Philip Hammond must spell out the impact of his Budgets on the poorest and richest families in Britain, the chairman of the influential Treasury Select Committee has urged.
The Chancellor faced calls to publish an analysis of how measures in budgets hit people across the earnings range after George Osborne abandoned the practice.
Tory Treasury Select Committee chairman Andrew Tyrie urged the new Chancellor to reinstate the full distributional analysis previously used by Mr Osborne before being dropped in 2015.
Mr Tyrie said: "Since the summer Budget of July 2015, the Treasury has replaced its previously excellent budget distributional analysis series with a manifestly deficient substitute.
"The new Prime Minister is committing her Government to making Britain a country that works 'not for a privileged few, but for every one of us'.
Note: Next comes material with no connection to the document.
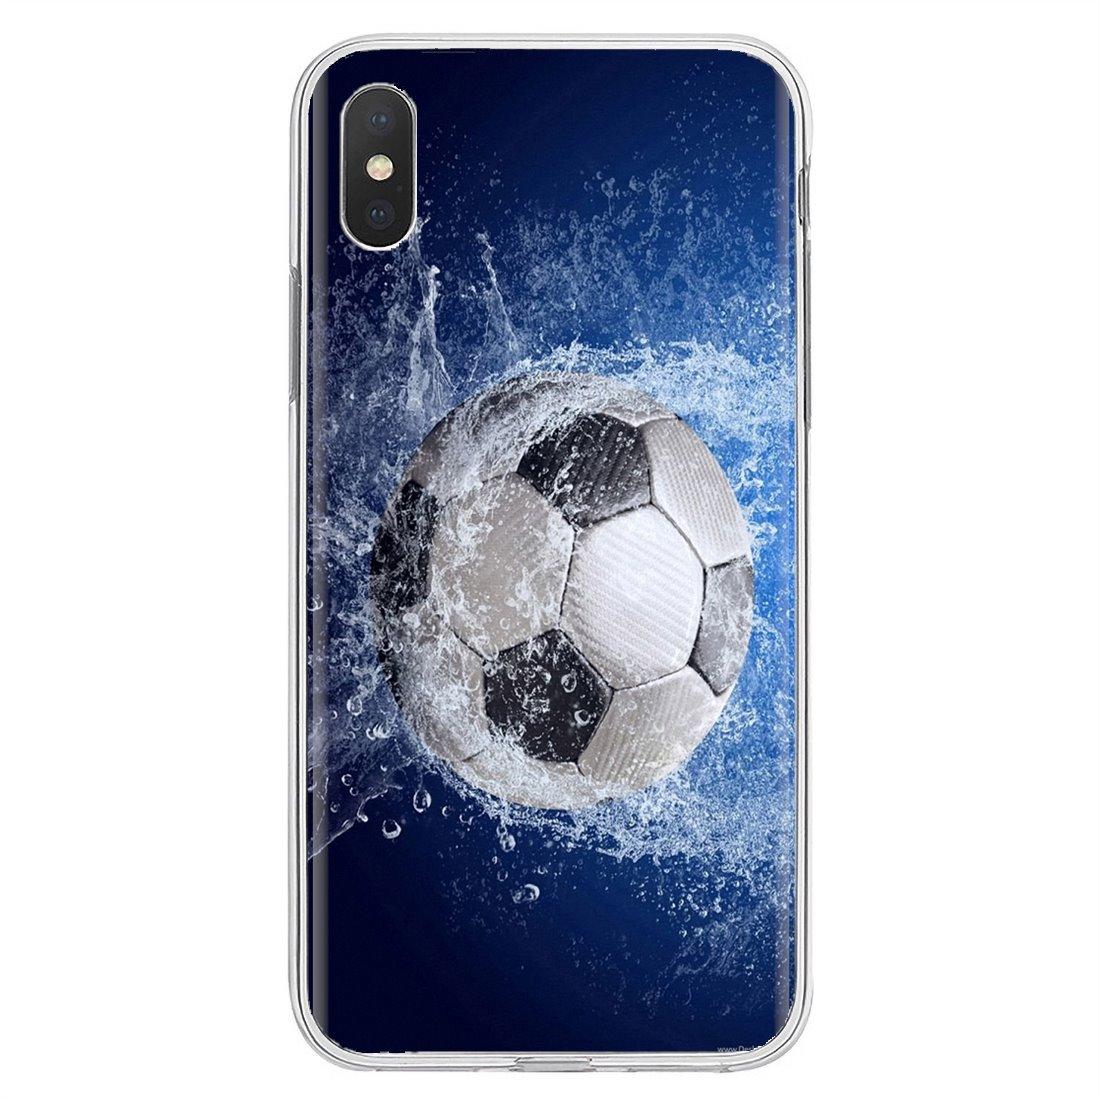 Inspirational Silicone Phone Case For Samsung Galaxy J1 J2 J3 J4 J5 J6 J7 J8 Plus 2018 Prime 2015 2016 2017 Football Sports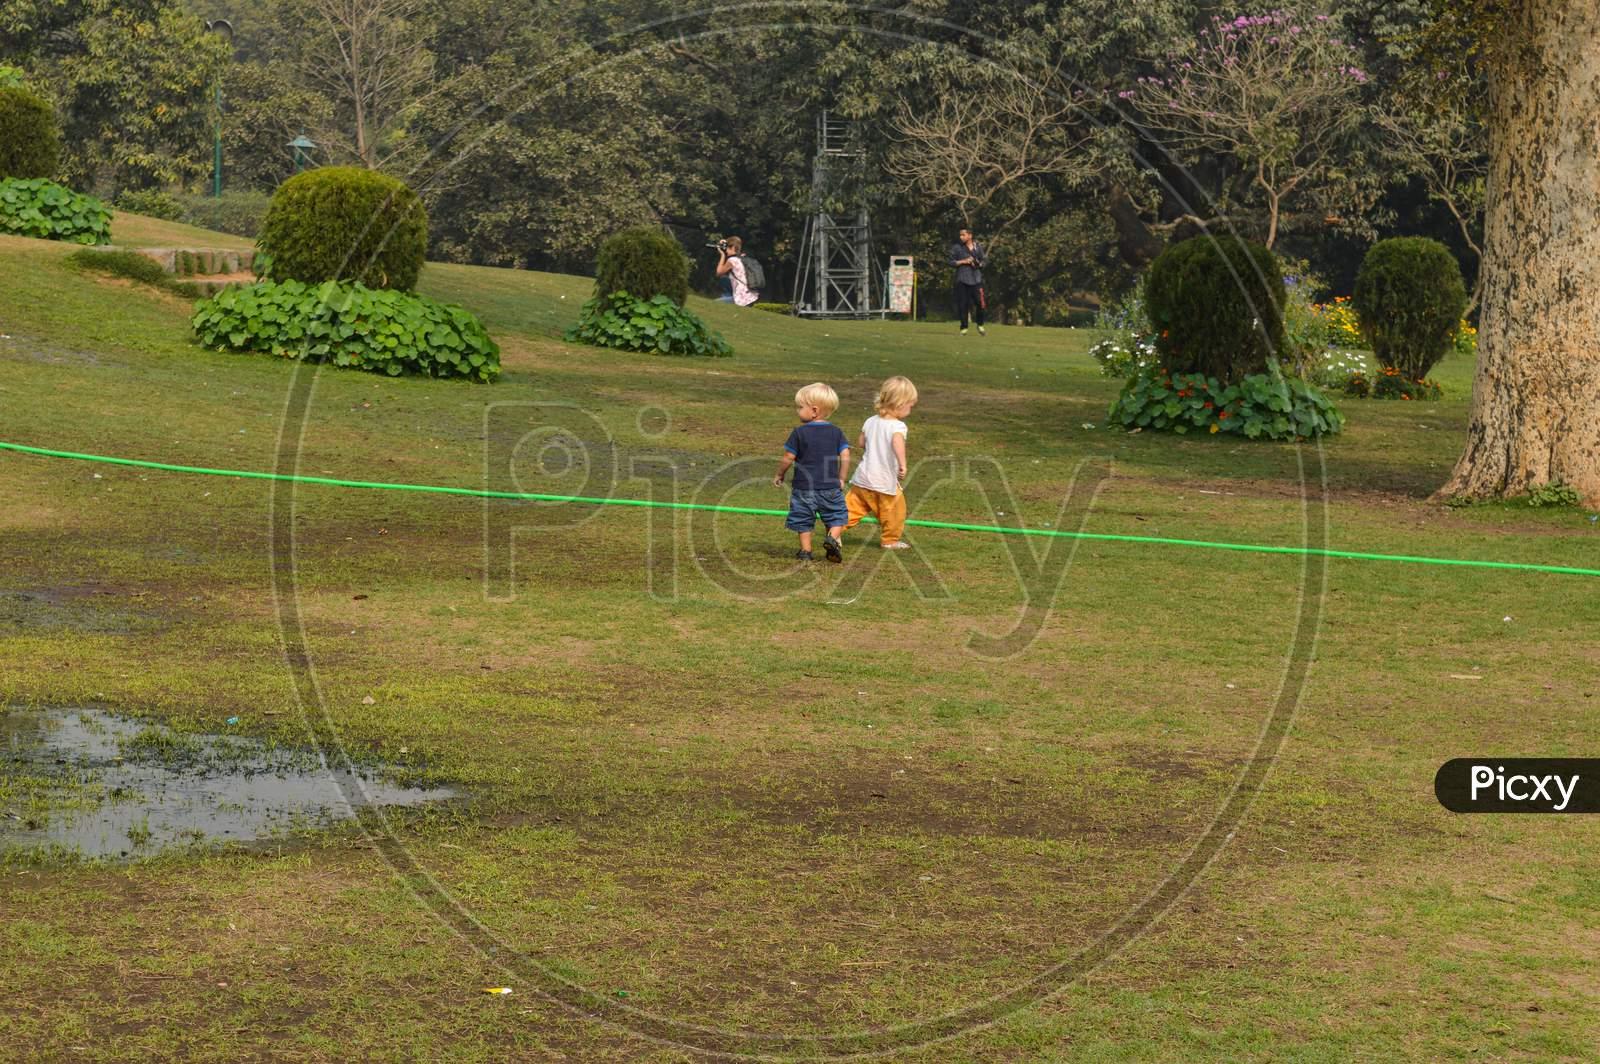 A Siblings Playing And Running At Park, Lawn At Winter Foggy Morning.

"A high level of transparency about the effects of tax and welfare policy on households across the income distribution would seem to be a logical, perhaps essential starting point."
In his letter to Mr Hammond, the committee chairman said the new system showed the share of public expenditure received and taxes paid by households, broken down into five income groups.
But he said that was "inadequate" for a number of reasons and "cannot be used to determine the effect of Government policies on household incomes".
"The new distributional analysis does, of course, provide some information of use but it is manifestly deficient," he told Mr Hammond.
"It should be published alongside the income-based analysis, not instead of it."